First, you should avoid putting your code under the libs directory. Your app code should live under the apps directory. When attempting to resolve a servlet for a URI, Sling will check apps before it checks libs so if you need to completely override functionality delivered with Sling, you would place your code in apps.
Second, what is (probably, depending on how you have things setup) happening when you request http://localhost:8080/system/userManager/group/administrators.tidy.1.json is the request is being handled by Sling's default GET servlet, because it finds no other script or servlet which is applicable. For research purposes it might be worth looking at the code for the default get servlet, org.apache.sling.servlets.get.impl.DefaultGetServlet, to see what it's using to render JSON. If you need to handle the rendering of a user group in a manner different than what the default GET servlet is doing, then you would need to create a servlet which is listening for requests for resources of type sling/group. It would probably be ideal to create a servlet for this purpose and register it with OSGI. http://sling.apache.org/site/servlets.html provides the various properties you would need to set to ensure the servlet resolver finds your servlet. Your servlet then would handle the request and as such would have direct and easy access to the requested resource.

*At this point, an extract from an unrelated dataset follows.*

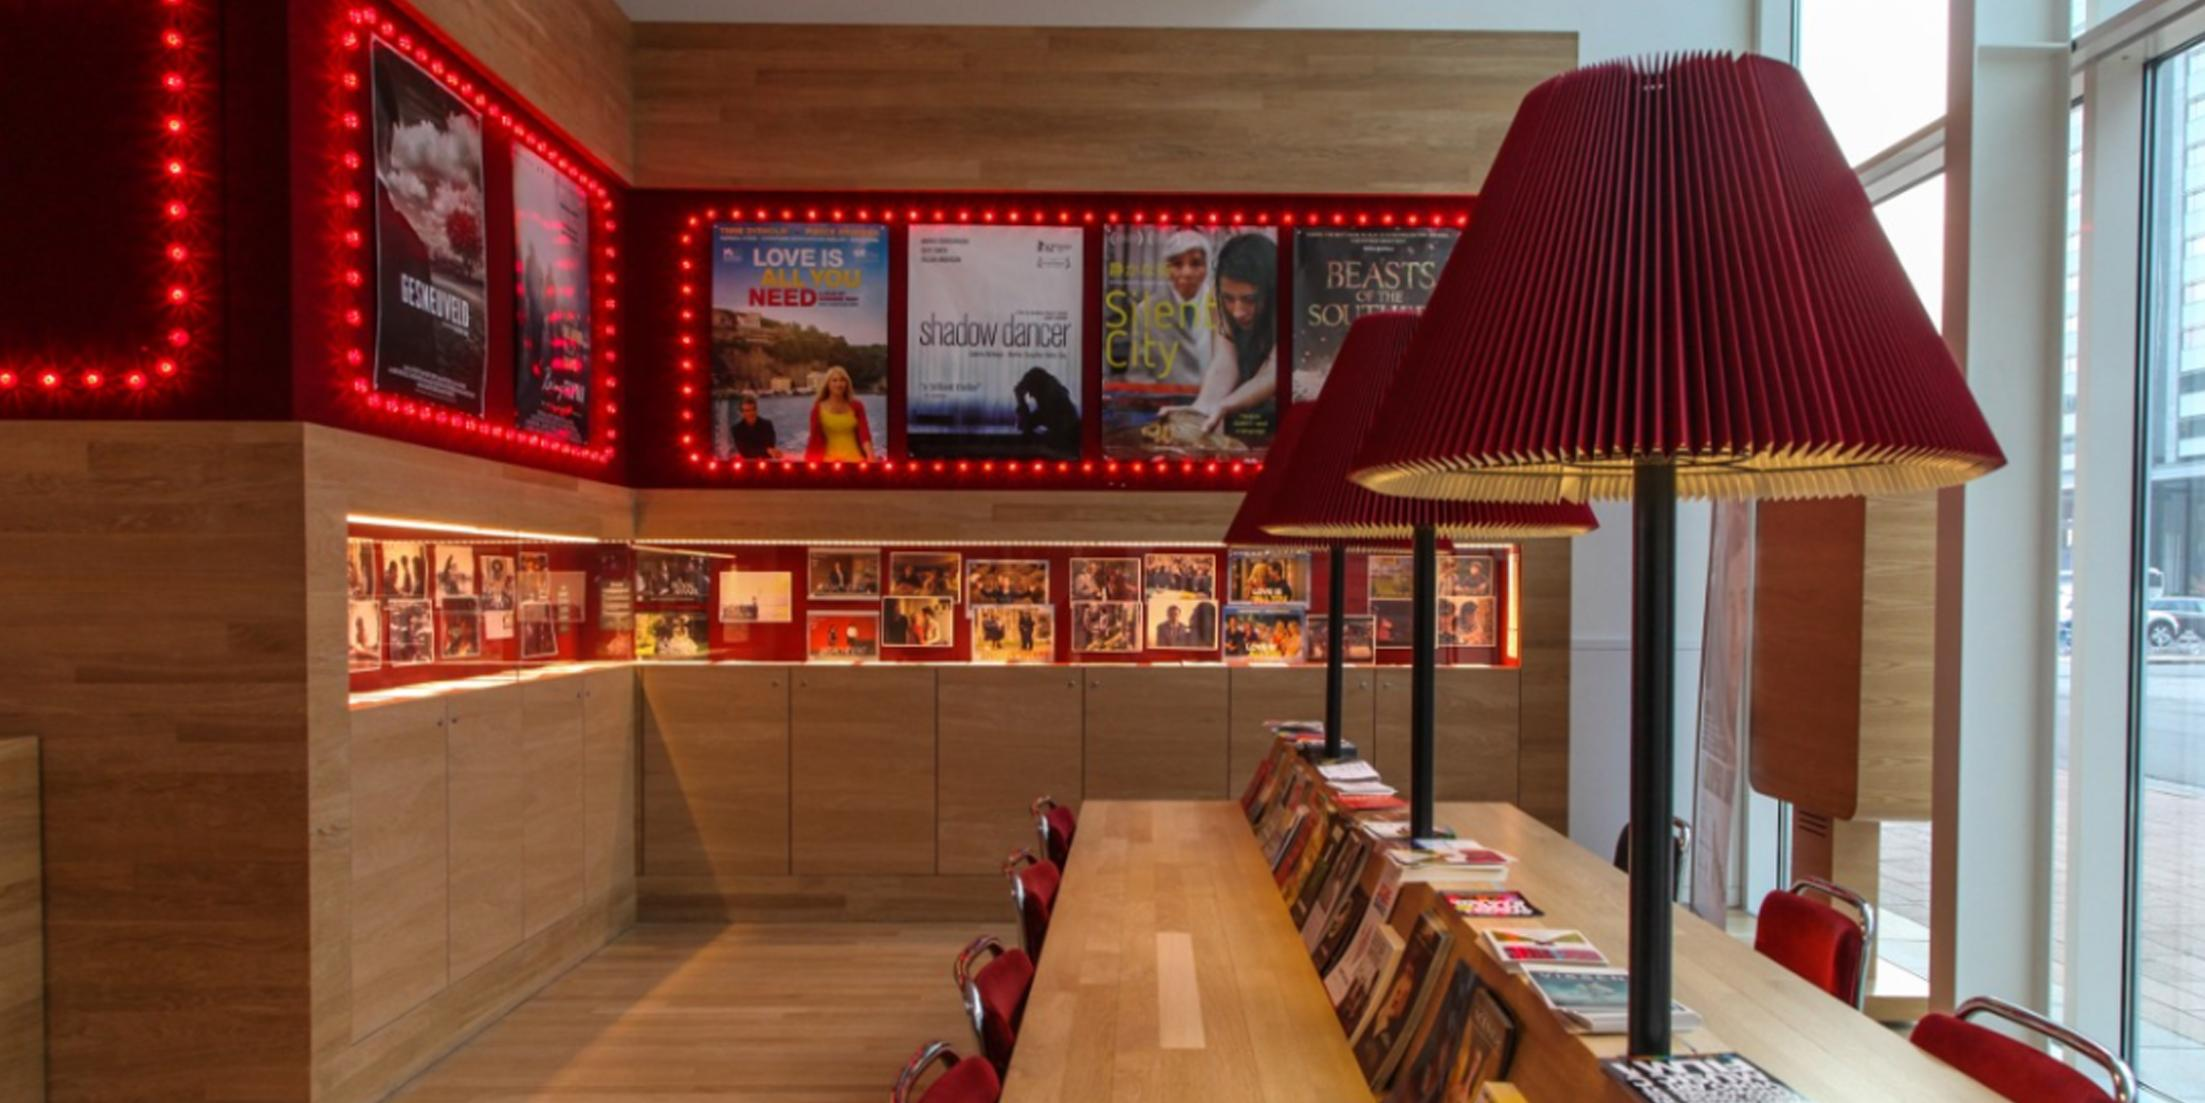 Atelier lek onafhankelijk lichtontwerp lantaren venster for Venster lantaarn rotterdam

Third, the particular need you specified is that you do not want the group members to render unless the requesting user is a member of the group requested. This is more of an access control issue than a rendering issue. Sling and Jackrabbit, out of the box, make as few assumptions as possible concerning how you might want your application to be setup. That being the case, you need to establish the access controls that are applicable for your particular use case. The wiki post on Access Control in the Jackrabbit wiki ( http://wiki.apache.org/jackrabbit/AccessControl ) goes into this to an extent.
Using directions from Paul Michelotti's answer, I researched further and found a suitable solution to my problem.
Sling accepts request filters (javax.servlet.Filter) through SCR annotations like the one below
#SlingFilter(scope = SlingFilterScope.REQUEST, order = Integer.MIN_VALUE)
Every request is passed down to the filter before it is processed by the servlet. Using the resourceType, I was able to distinguish requests to group.1.json and group/mygroup.1.json. Since the filter also has access to the current user, I was able to decide to deny the request if it did not abide by my security model and return a 404 status code.
Please refer to this page for details on filters. You can also check out the sample project urlfilter for directions on usage.